The Really Smart Phone - Anon84
http://online.wsj.com/article/SB10001424052748704547604576263261679848814.html
======
donofrip
The world is finally starting to take notice of how significant it is that
everyone has these handheld computers in their pockets all day long. The
amount of data that is being harnessed by apps today is impressive, but over
the next few years, I think the market for this information is going to be
enormous. I wonder who will "own" the information. I assume it will be the
network providers.

They are going to need tools to make sense of the information they have. They
have very detailed information on their phone users, but they'll have to think
through how they can monetize the information legally. Could we see these
companies developing the ability to say, "the user of the cell phone X, who is
a 14 year-old girl, spent 2 hours in this store on this day". That data on an
aggregate basis could be very valuable to companies--companies that would be
willing to pay for this kind of insight. "We noticed a spike in teenage girls
visiting your stores in the northeast within a day after launching your ad
campaign.

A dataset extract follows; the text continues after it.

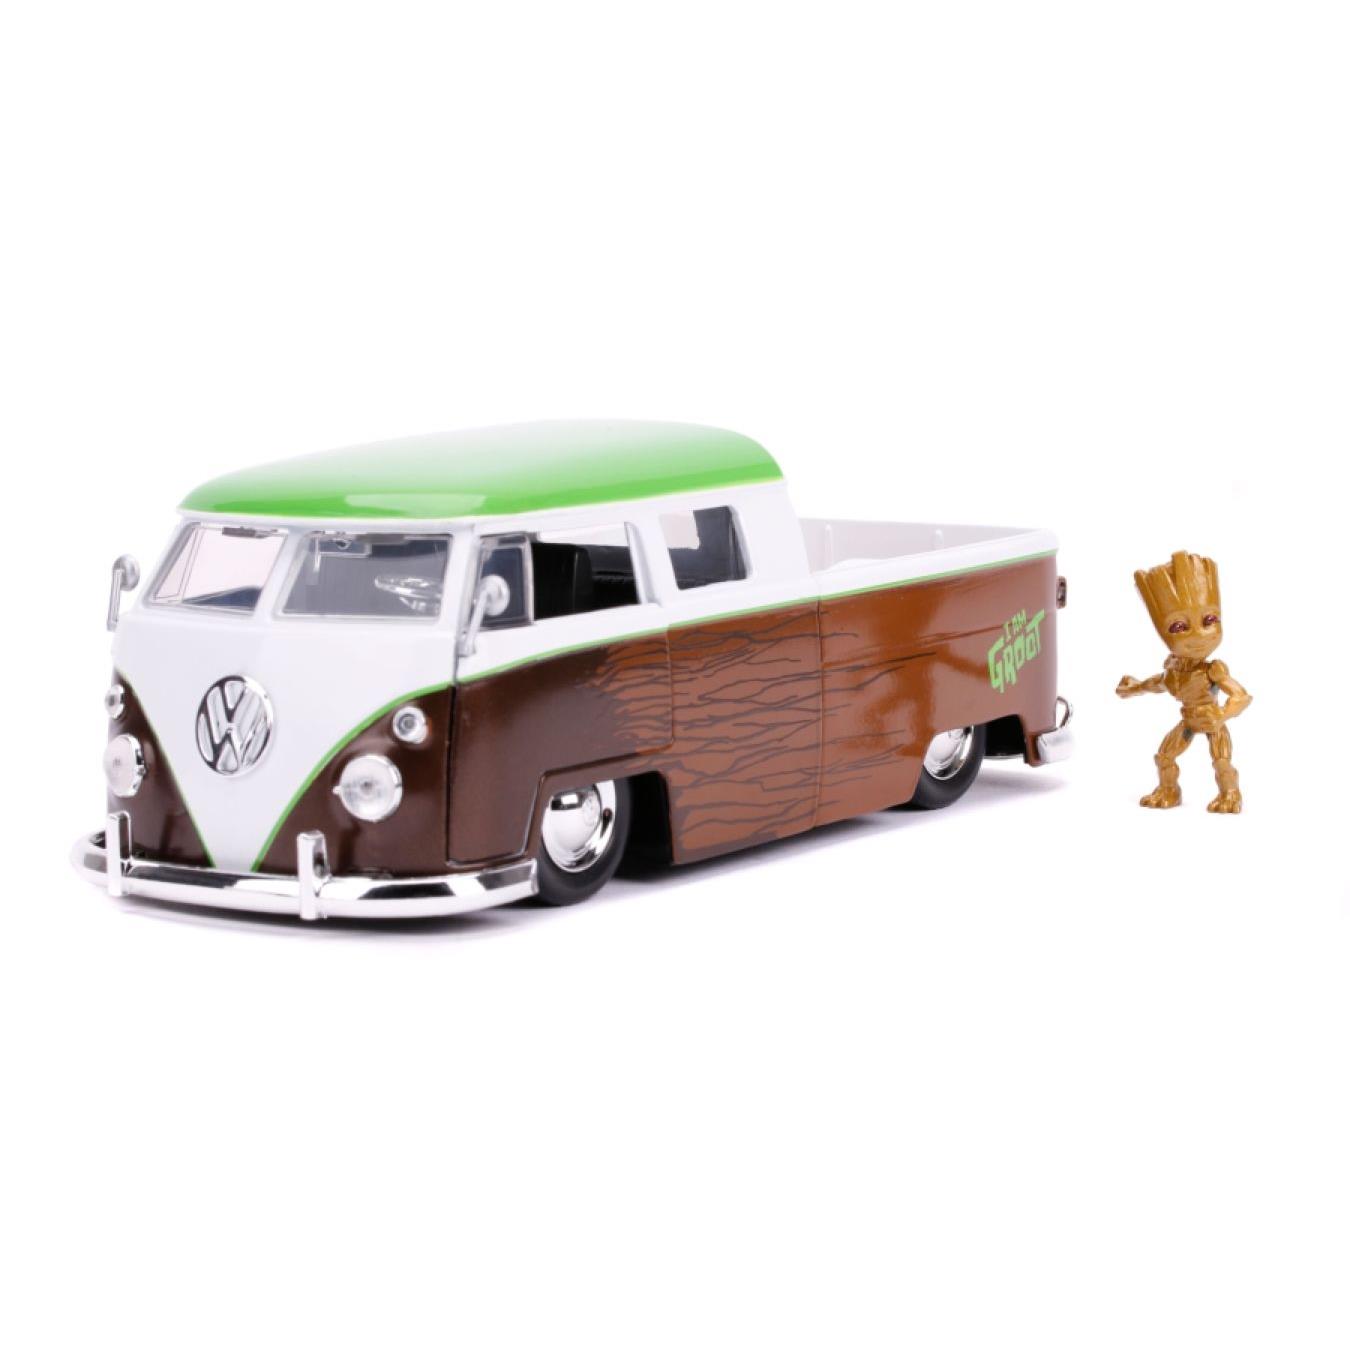 guardians of the galaxy - 1963 volkswagen bus with groot 1:24 scale hollywood ride vehicle replica

It didn't have as large of a spike in this region of the country
however." I think investors would be willing to buy this kind of information
too. Imagine the edge a hedge fund would have if they had this sort of insight
into consumer trends.

I suspect there will be a huge need for tools to analyze and make sense of the
data that this new market will demand. I'm sure there are already some
startups headed down this path, and I'm sure large communication companies
would rather use a vendor for this data analysis than learn to do it
themselves.

I think this is definitely the edge of a huge new market.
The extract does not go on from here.